I've encountered an overflow warning as a result of multiplying the output of Numpy products that I'm looking to understand. A simplified version of their actual use within my larger project is detailed below:
import numpy as np
class MyClass(object):
def __init__(self,
array_1,
array_2):
# Assigning arrays to be used in later methods
self.array_1 = array_1
self.array_2 = array_2
# Assigning some scaling factors to be used in later methods.
self.value_1 = np.prod(self.array_1.shape)
self.value_2 = np.prod(self.array_2.shape)
print("Numpy Product Assignment: {0}, {1}".format(self.value_1, self.value_2))
# Alternative assignment of scaling factors
self.alt_value_1 = self.array_1.shape[0] * self.array_1.shape[1]
self.alt_value_2 = self.array_2.shape[0] * self.array_2.shape[1]

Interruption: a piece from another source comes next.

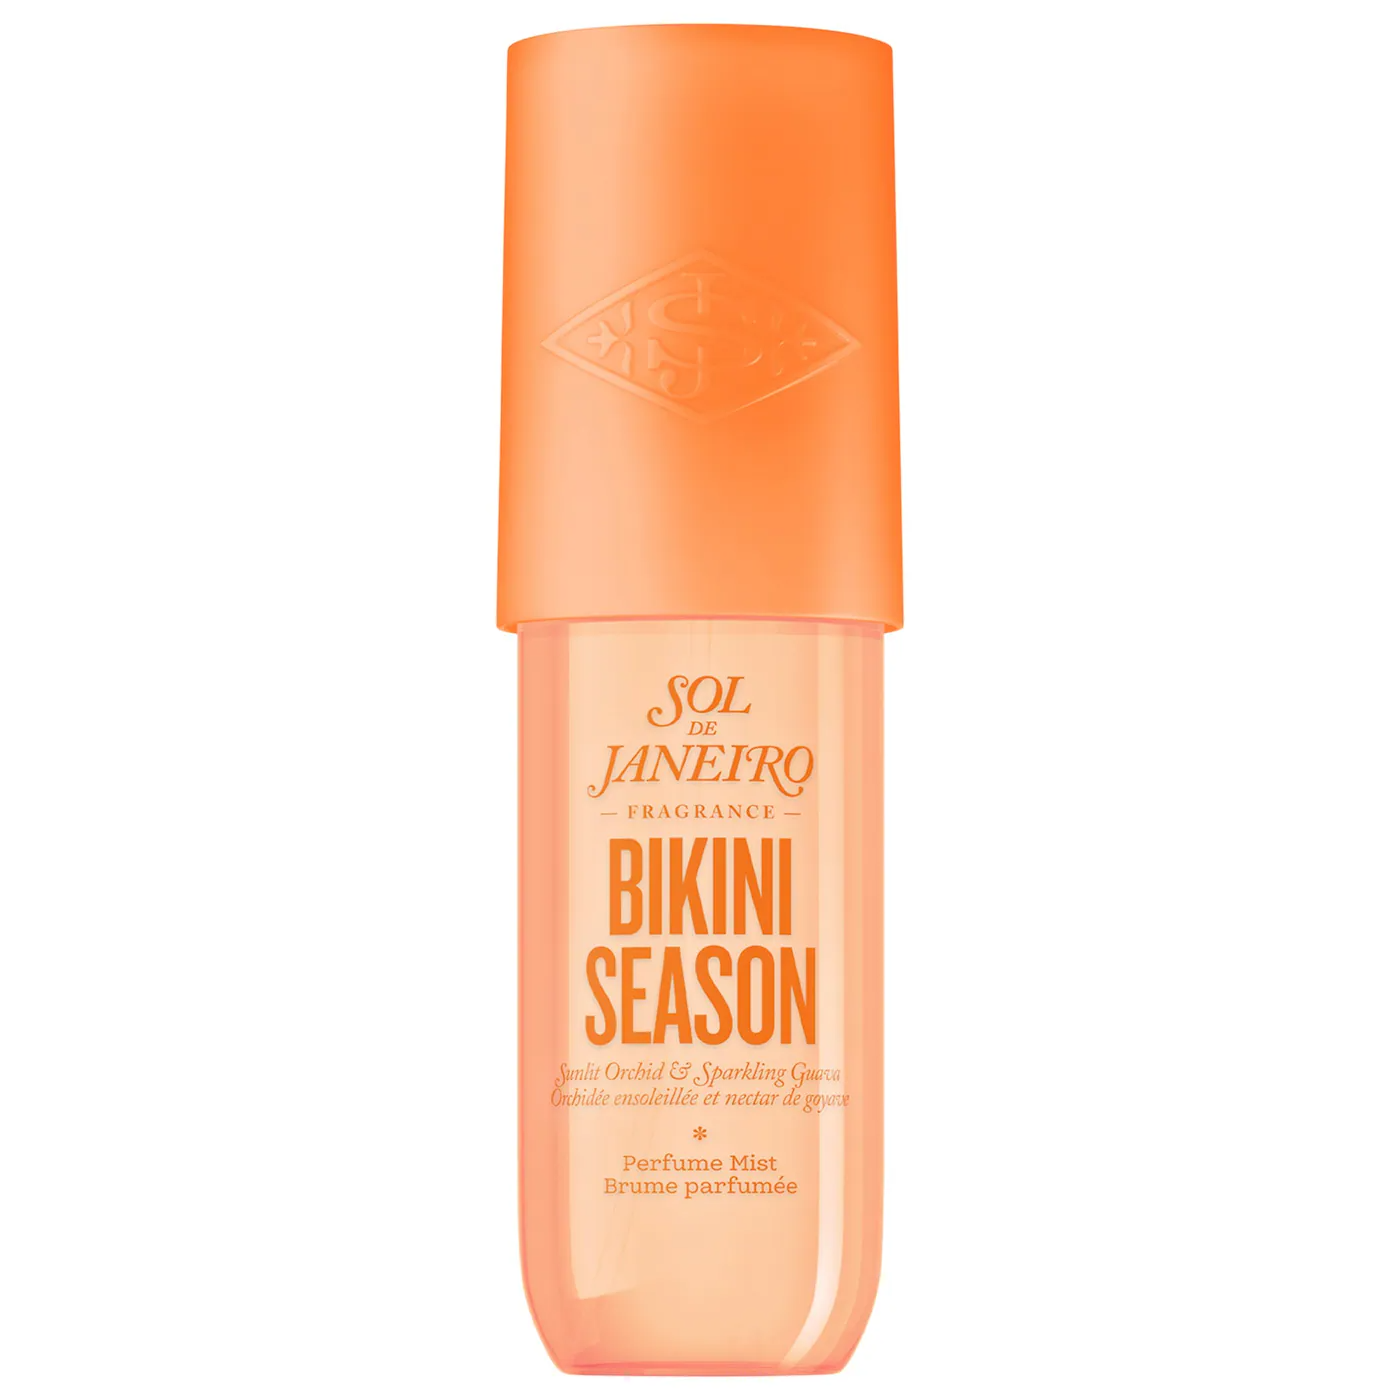 Sol De Janeiro Bikini Season Perfume Mist, 90mL

print("Regular Product Assignment: {0}, {1}".format(self.alt_value_1, self.alt_value_2))
pass
def mymethod(self):
print("Direct Multiplication: {0}".format(80160 * 262144))
print("Numpy Product Multiplication: {0}".format(self.value_1 * self.value_2))
print("Regular Product Multiplcation {0}".format(self.alt_value_1 * self.alt_value_2))
if __name__ == '__main__':
test_array_1 = np.zeros([512, 512], dtype=complex)
test_array_2 = np.zeros([1002, 80], dtype=complex)
test_class = MyClass(test_array_1, test_array_2)
test_class.mymethod()
Including the use with the class structure for completeness, though heavily edited down to the bare minimum. If I run this code (on Python 3.6.0) I get the following output:
C:/somepath/scratch.py:247: RuntimeWarning: overflow encountered in long_scalars
print("Numpy Product Multiplication: {0}".format(self.value_1 * self.value_2))
Numpy Product Assignment: 262144, 80160
Regular Product Assignment: 262144, 80160
Direct Multiplication: 21013463040
Numpy Product Multiplication: -461373440
Regular Product Multiplcation 21013463040
Process finished with exit code 0
Clearly I can get around the problem using the regular multiplication, but I would like to understand why there is a problem and if it can be fixed as is. I think there is some dtype=X subtlety that I have missed, so my question is what is causing these overflow errors?